======== Data excerpts ========

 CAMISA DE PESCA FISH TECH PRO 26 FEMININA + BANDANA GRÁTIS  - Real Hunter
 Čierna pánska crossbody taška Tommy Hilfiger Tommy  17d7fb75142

========
======== Data excerpts ========

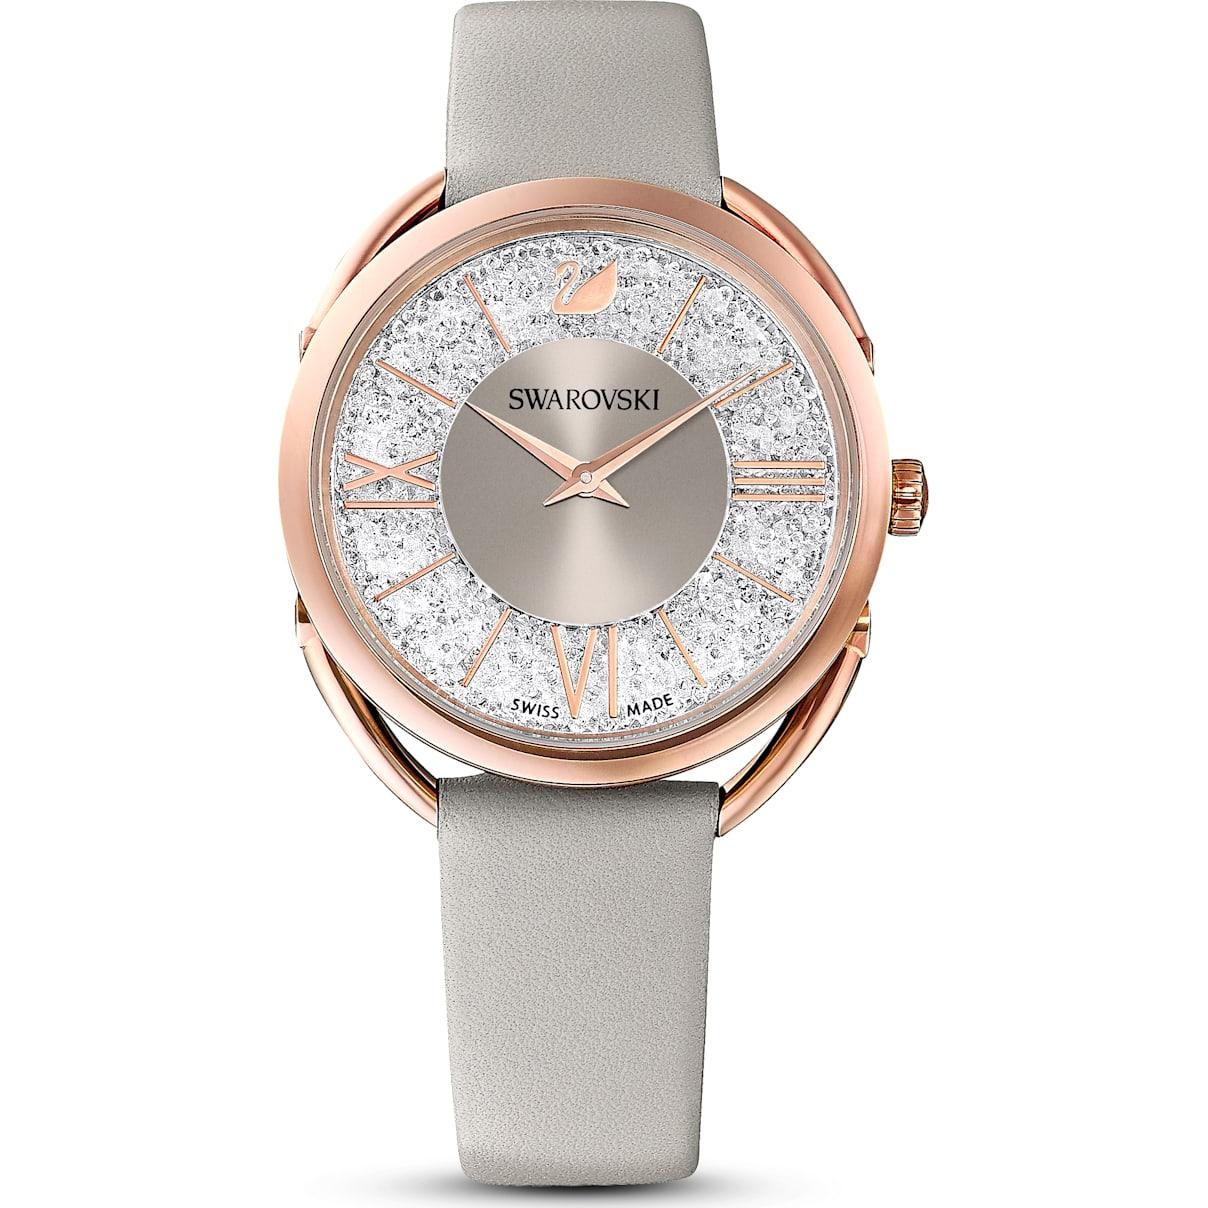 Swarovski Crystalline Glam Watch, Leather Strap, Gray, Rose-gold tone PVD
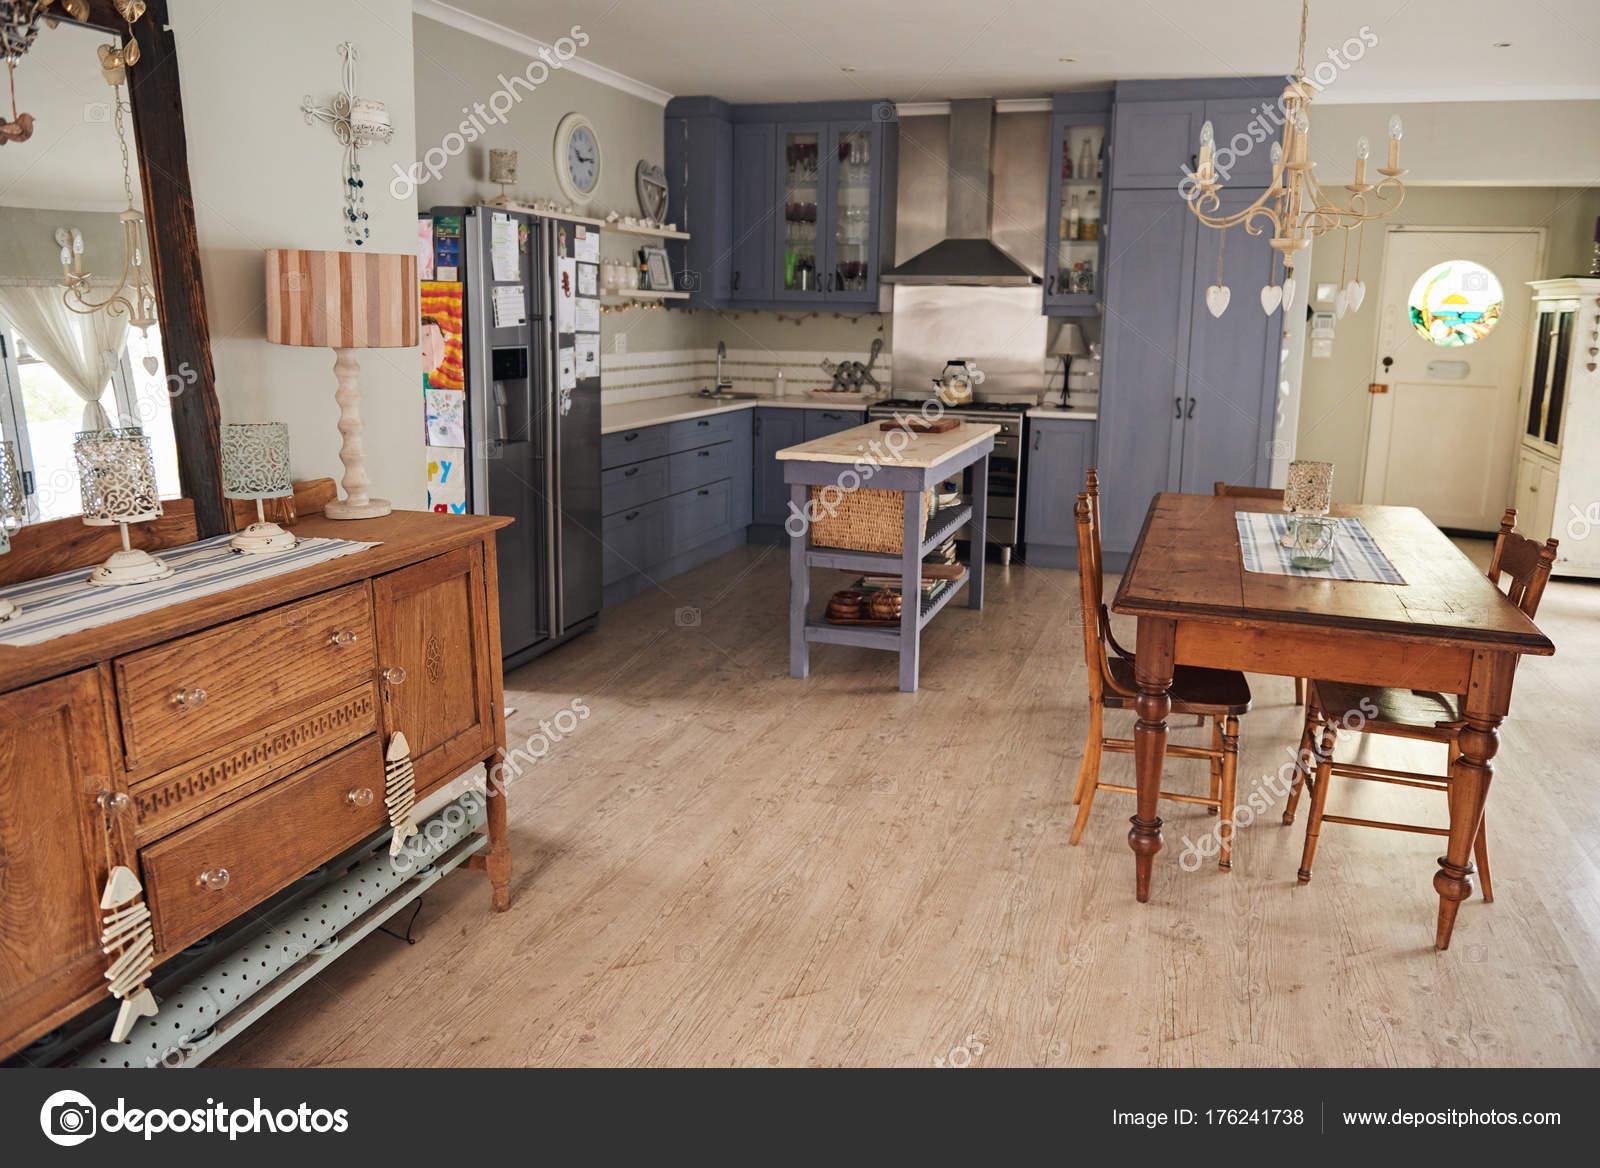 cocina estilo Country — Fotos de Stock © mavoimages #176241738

========
======== Data excerpts ========

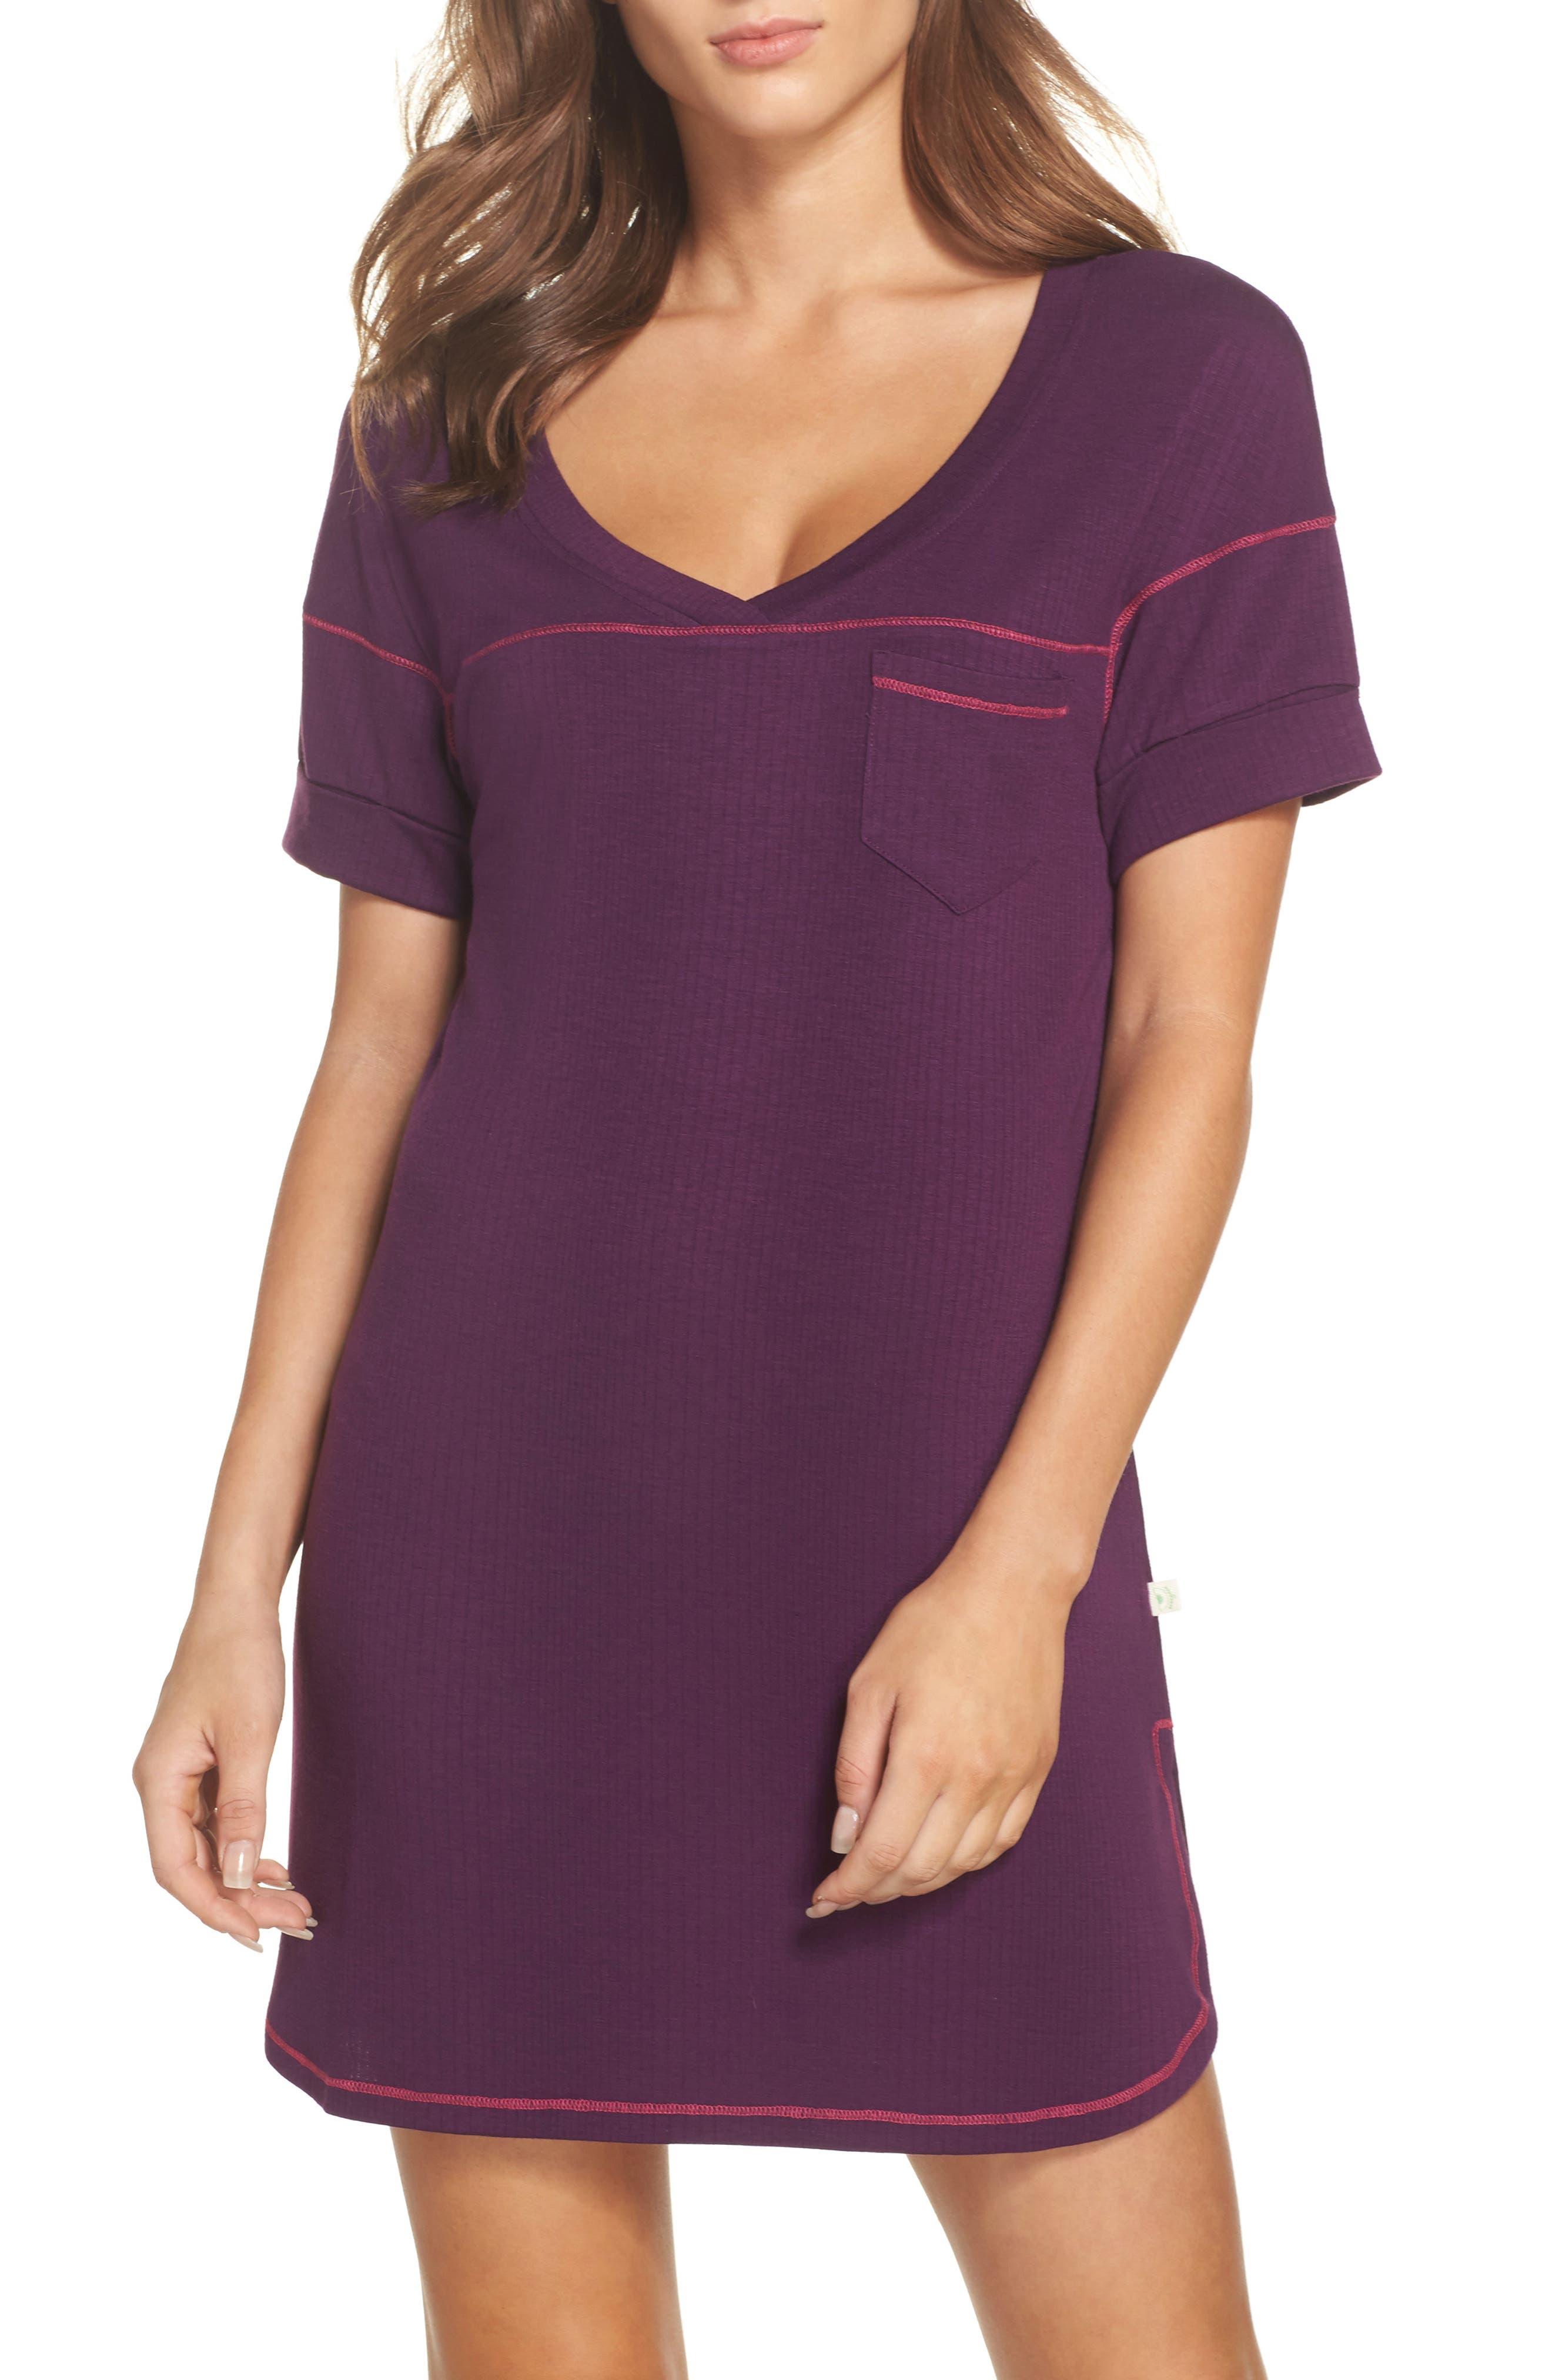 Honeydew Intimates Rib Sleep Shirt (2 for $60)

========

### Aim of the task
Reproduce verbatim only the segment of the listing bounded by the line containing "CAMISA DE PESCA" and the line containing "Čierna pánska crossbody", with both boundary lines included.

### Your solution
 CAMISA DE PESCA FISH TECH PRO 26 FEMININA + BANDANA GRÁTIS  - Real Hunter
 Čierna pánska crossbody taška Tommy Hilfiger Tommy  17d7fb75142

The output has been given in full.